EXERCISE INSTRUCTIONS → The expected response is the full listing, retyped exactly, without its images.

DATA PROVIDED →
======
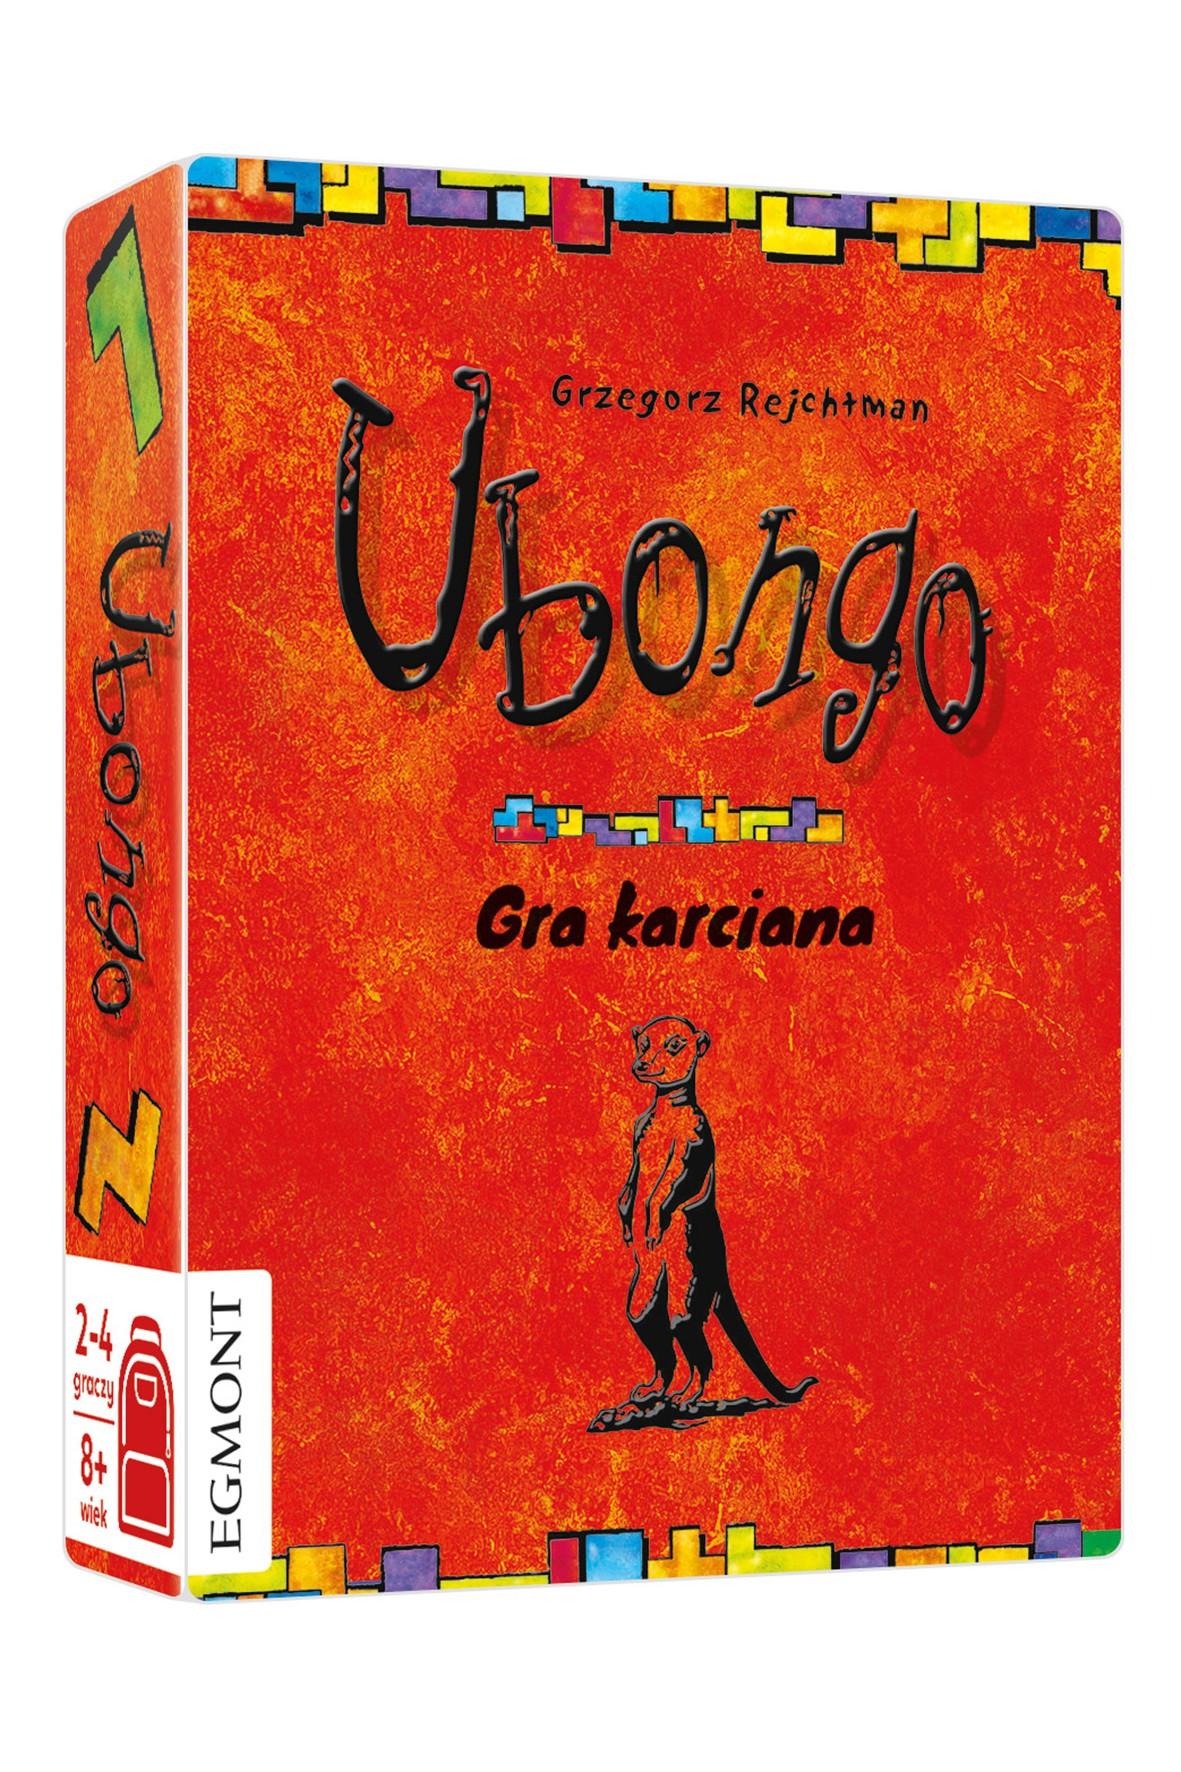 Gry dziecięce  - Ubongo karciane Gry do plecaka wiek 8+
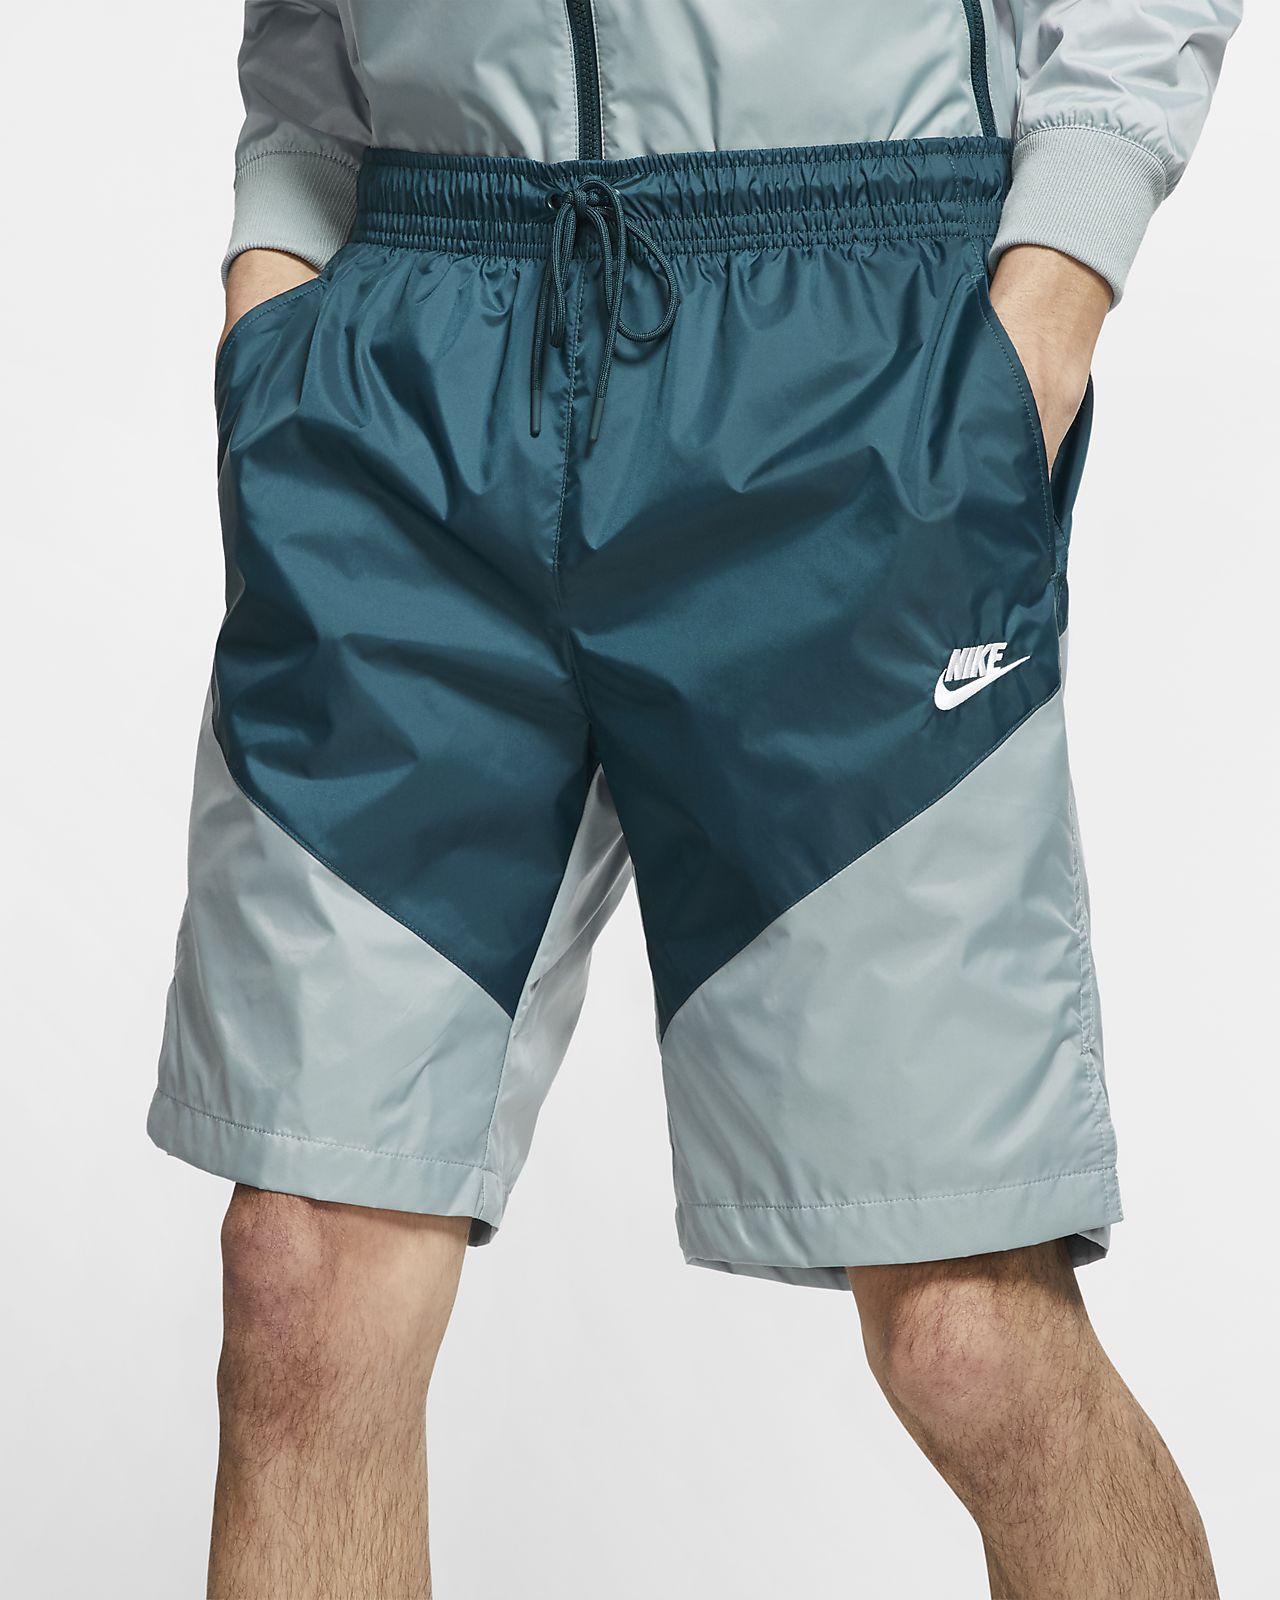 Nike Sportswear Windrunner Men's Track Shorts
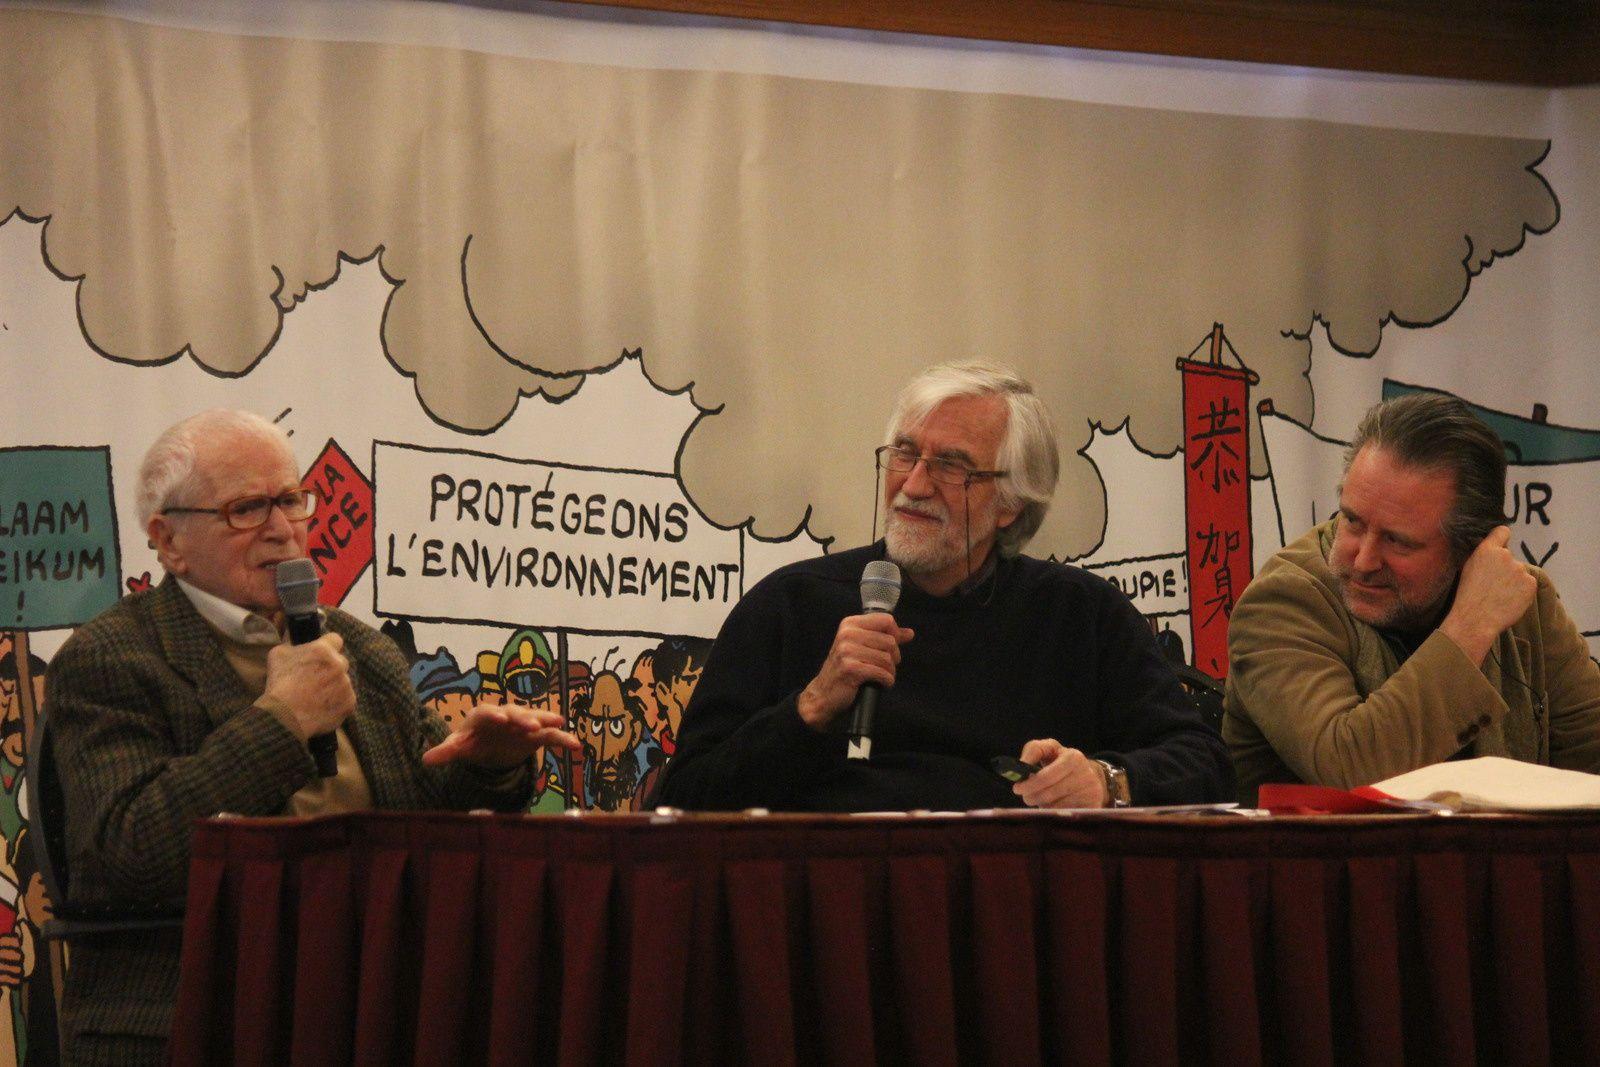 30ème Assemblée générale des Amis de Hergé (ADH), samedi 7 mars 2015 à Nivelles
======
SOLUTION BELOW →
 Gry dziecięce  - Ubongo karciane Gry do plecaka wiek 8+
 Nike Sportswear Windrunner Men's Track Shorts
 30ème Assemblée générale des Amis de Hergé (ADH), samedi 7 mars 2015 à Nivelles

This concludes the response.